(SUPPLIED DATA)
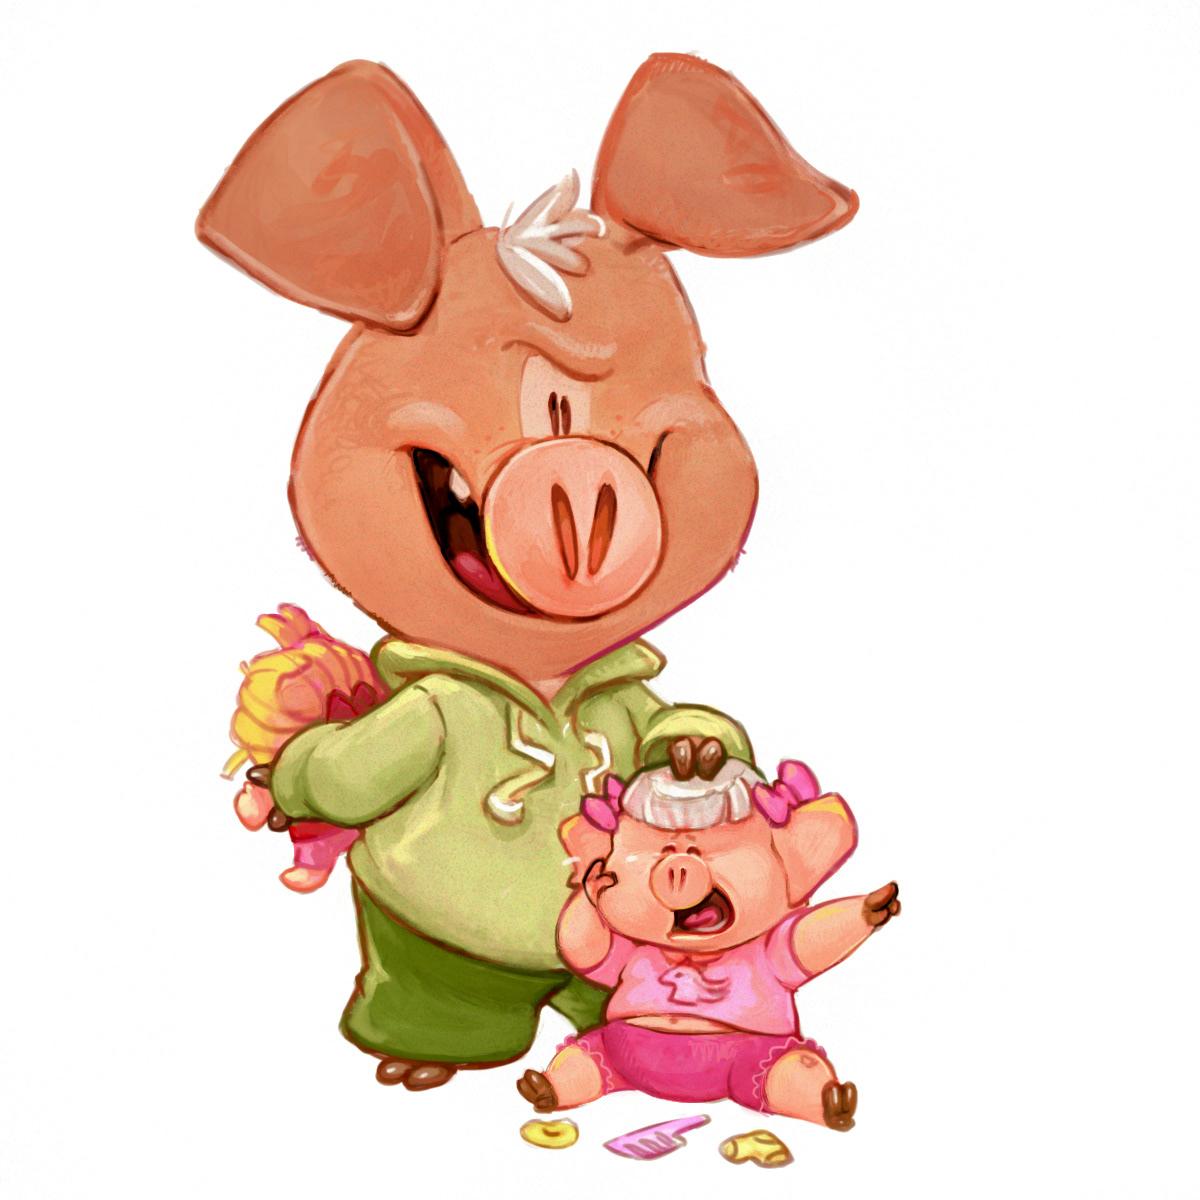 pig siblings digital art 2D sketch Drawing  Cry baby toy
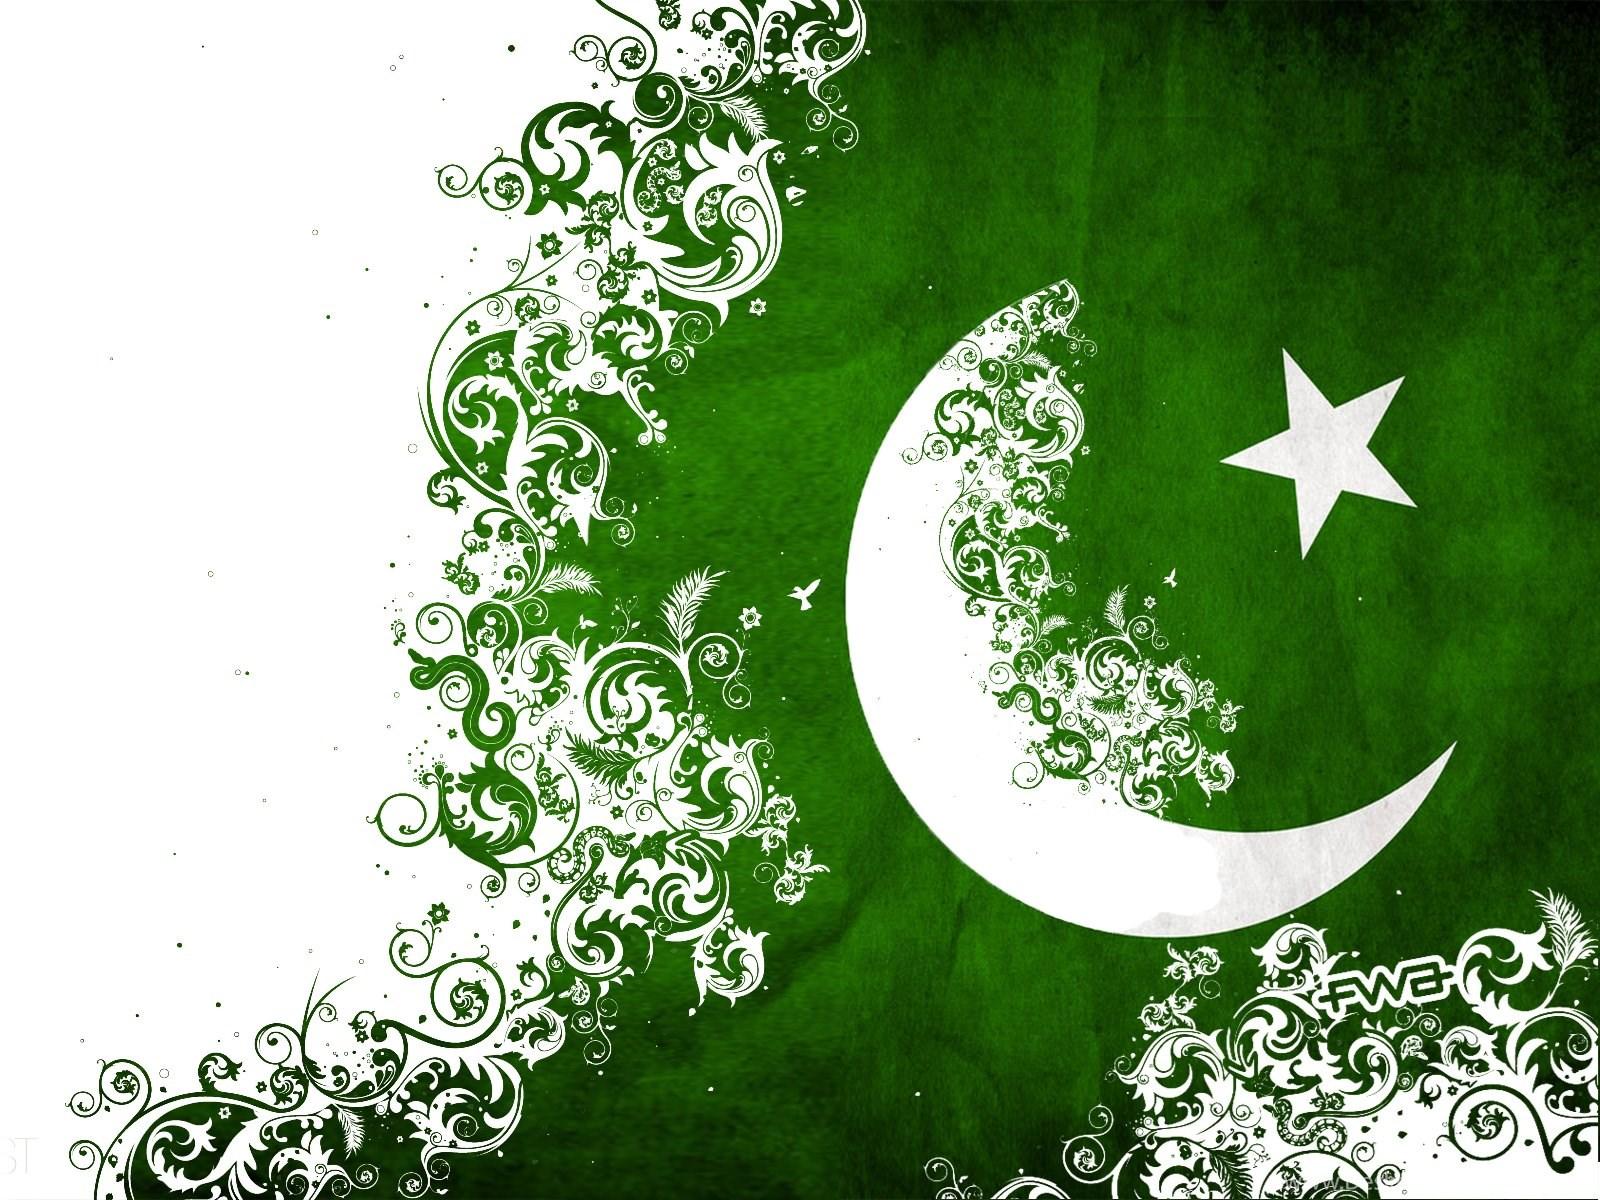 pakistan-cityvid-free
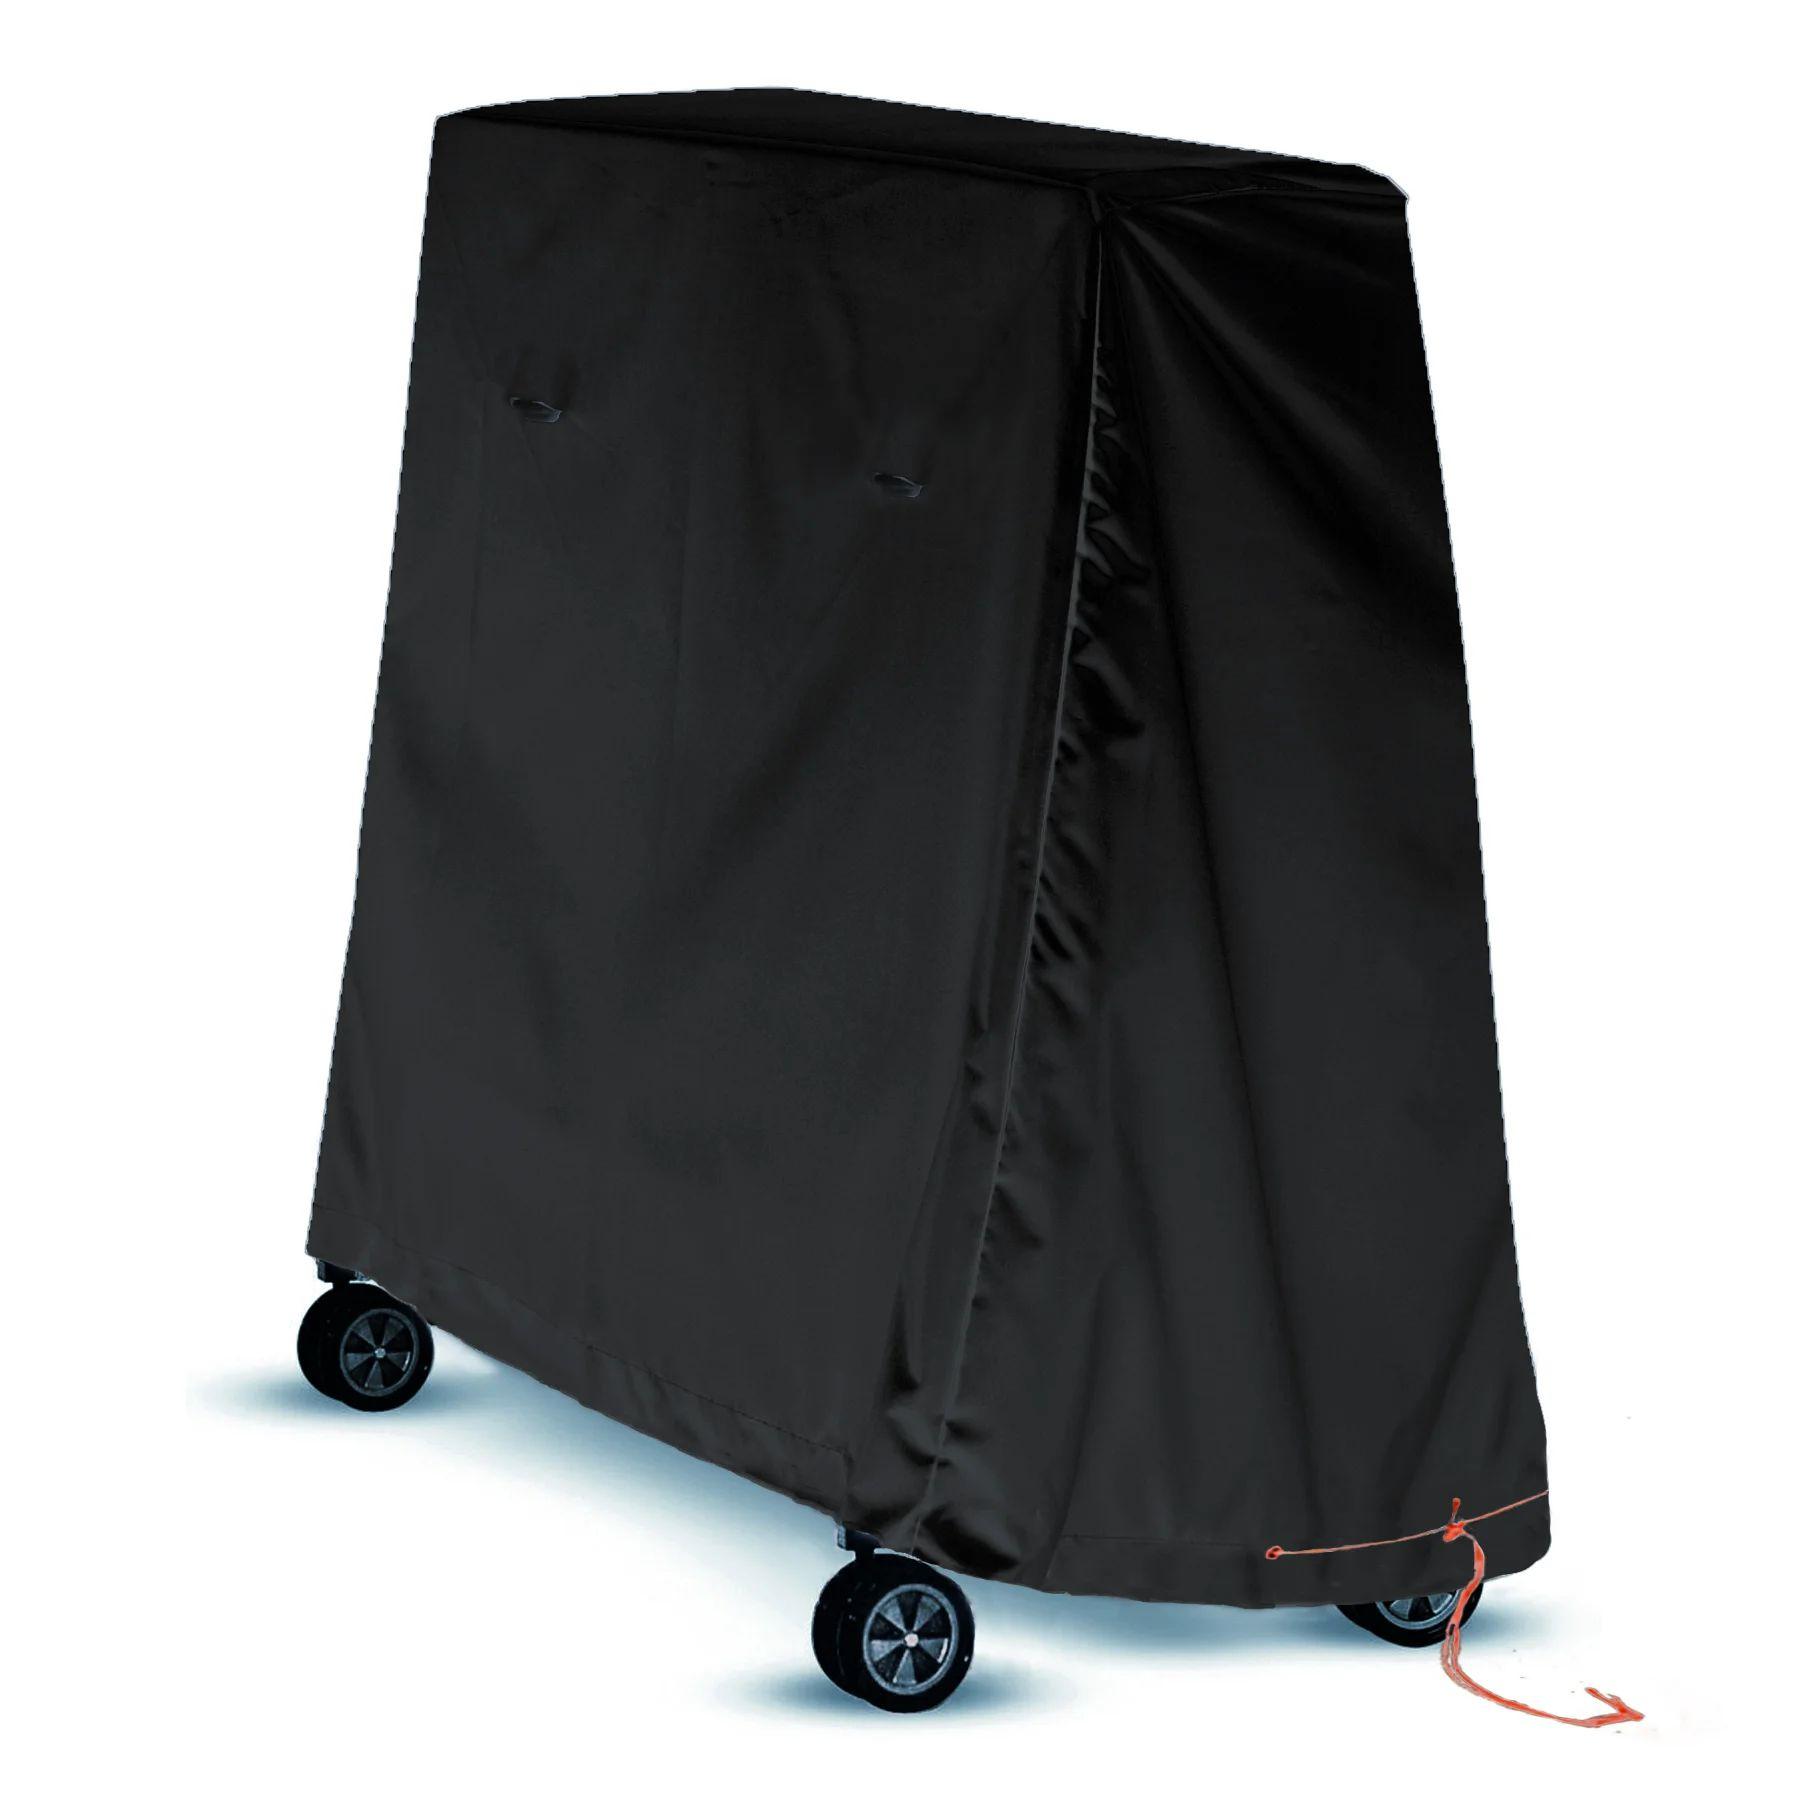 housse de protection pour table de ping pong innov axe l 90 x l 160 x h 135 cm
(End SUPPLIED DATA)
§ YOUR ASSIGNMENT
Restate the data above word for word. Skip every picture.

§ SOLVED PROBLEM
 pig siblings digital art 2D sketch Drawing  Cry baby toy
 pakistan-cityvid-free
 housse de protection pour table de ping pong innov axe l 90 x l 160 x h 135 cm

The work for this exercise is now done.